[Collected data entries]
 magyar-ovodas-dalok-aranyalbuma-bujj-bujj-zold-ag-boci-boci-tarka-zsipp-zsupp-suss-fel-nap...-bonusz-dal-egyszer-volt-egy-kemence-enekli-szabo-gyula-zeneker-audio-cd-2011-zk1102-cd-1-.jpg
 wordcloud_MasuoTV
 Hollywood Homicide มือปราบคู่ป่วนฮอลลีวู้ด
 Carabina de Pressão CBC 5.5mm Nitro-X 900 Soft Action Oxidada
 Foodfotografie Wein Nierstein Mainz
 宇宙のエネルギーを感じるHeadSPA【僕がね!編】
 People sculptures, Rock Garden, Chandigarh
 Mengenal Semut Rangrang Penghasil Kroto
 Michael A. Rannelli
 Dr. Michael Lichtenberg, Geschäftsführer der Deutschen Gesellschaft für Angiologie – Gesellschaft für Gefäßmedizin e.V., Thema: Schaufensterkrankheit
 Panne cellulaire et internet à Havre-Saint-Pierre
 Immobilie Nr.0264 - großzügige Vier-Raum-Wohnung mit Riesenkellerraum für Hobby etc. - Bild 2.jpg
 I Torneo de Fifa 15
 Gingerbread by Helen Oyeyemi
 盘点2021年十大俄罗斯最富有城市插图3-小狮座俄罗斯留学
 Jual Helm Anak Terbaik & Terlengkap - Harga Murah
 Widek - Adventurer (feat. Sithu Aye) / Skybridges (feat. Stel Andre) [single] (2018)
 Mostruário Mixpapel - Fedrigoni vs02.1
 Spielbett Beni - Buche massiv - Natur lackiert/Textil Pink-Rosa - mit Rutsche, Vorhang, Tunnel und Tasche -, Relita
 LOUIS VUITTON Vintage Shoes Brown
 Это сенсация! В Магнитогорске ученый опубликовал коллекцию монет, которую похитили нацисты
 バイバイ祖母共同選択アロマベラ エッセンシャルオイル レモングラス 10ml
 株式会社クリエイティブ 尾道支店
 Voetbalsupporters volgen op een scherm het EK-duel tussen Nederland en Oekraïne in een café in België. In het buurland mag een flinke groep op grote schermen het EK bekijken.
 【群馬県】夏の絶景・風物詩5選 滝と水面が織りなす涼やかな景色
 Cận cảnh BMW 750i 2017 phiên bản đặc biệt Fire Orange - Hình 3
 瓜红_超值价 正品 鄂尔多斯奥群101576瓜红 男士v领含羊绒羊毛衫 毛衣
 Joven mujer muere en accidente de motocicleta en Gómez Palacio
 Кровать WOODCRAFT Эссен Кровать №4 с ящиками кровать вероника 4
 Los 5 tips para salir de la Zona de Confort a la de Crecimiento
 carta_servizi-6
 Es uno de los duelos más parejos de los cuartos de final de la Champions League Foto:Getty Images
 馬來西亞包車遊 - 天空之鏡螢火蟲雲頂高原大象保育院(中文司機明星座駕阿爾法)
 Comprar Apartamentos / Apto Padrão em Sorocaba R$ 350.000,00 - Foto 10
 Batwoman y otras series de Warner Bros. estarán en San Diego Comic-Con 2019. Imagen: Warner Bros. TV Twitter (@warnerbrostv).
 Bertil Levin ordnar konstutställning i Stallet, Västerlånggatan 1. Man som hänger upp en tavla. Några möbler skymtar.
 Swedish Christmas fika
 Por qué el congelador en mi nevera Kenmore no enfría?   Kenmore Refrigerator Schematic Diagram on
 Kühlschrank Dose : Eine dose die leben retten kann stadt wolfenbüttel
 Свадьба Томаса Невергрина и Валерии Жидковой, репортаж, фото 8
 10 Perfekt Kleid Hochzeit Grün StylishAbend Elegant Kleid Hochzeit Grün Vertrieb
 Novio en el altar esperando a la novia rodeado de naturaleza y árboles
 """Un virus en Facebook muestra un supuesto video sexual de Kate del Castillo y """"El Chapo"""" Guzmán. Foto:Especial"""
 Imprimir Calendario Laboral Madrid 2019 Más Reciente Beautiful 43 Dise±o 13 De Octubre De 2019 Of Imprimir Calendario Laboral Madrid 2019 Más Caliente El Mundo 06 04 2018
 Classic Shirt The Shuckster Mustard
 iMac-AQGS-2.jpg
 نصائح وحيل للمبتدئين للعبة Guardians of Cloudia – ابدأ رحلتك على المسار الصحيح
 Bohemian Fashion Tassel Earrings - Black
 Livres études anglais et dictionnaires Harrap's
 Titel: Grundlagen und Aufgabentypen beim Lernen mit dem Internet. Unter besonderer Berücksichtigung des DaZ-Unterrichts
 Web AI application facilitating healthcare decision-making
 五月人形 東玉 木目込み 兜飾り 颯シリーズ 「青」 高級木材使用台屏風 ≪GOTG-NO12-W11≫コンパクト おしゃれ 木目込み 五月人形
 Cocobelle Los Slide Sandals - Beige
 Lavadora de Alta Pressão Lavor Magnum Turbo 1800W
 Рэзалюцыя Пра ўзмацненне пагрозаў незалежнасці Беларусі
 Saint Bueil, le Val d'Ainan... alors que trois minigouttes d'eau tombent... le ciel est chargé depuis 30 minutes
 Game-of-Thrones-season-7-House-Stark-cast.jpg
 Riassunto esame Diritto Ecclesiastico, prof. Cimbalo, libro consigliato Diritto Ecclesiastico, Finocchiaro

§ YOUR OBJECTIVE
From the entries above, extract only the lines running from the one containing "Кровать WOODCRAFT Эссен" through the one containing "Bohemian Fashion Tassel Earrings - Black", inclusive.

§ REPLY
 Кровать WOODCRAFT Эссен Кровать №4 с ящиками кровать вероника 4
 Los 5 tips para salir de la Zona de Confort a la de Crecimiento
 carta_servizi-6
 Es uno de los duelos más parejos de los cuartos de final de la Champions League Foto:Getty Images
 馬來西亞包車遊 - 天空之鏡螢火蟲雲頂高原大象保育院(中文司機明星座駕阿爾法)
 Comprar Apartamentos / Apto Padrão em Sorocaba R$ 350.000,00 - Foto 10
 Batwoman y otras series de Warner Bros. estarán en San Diego Comic-Con 2019. Imagen: Warner Bros. TV Twitter (@warnerbrostv).
 Bertil Levin ordnar konstutställning i Stallet, Västerlånggatan 1. Man som hänger upp en tavla. Några möbler skymtar.
 Swedish Christmas fika
 Por qué el congelador en mi nevera Kenmore no enfría?   Kenmore Refrigerator Schematic Diagram on
 Kühlschrank Dose : Eine dose die leben retten kann stadt wolfenbüttel
 Свадьба Томаса Невергрина и Валерии Жидковой, репортаж, фото 8
 10 Perfekt Kleid Hochzeit Grün StylishAbend Elegant Kleid Hochzeit Grün Vertrieb
 Novio en el altar esperando a la novia rodeado de naturaleza y árboles
 """Un virus en Facebook muestra un supuesto video sexual de Kate del Castillo y """"El Chapo"""" Guzmán. Foto:Especial"""
 Imprimir Calendario Laboral Madrid 2019 Más Reciente Beautiful 43 Dise±o 13 De Octubre De 2019 Of Imprimir Calendario Laboral Madrid 2019 Más Caliente El Mundo 06 04 2018
 Classic Shirt The Shuckster Mustard
 iMac-AQGS-2.jpg
 نصائح وحيل للمبتدئين للعبة Guardians of Cloudia – ابدأ رحلتك على المسار الصحيح
 Bohemian Fashion Tassel Earrings - Black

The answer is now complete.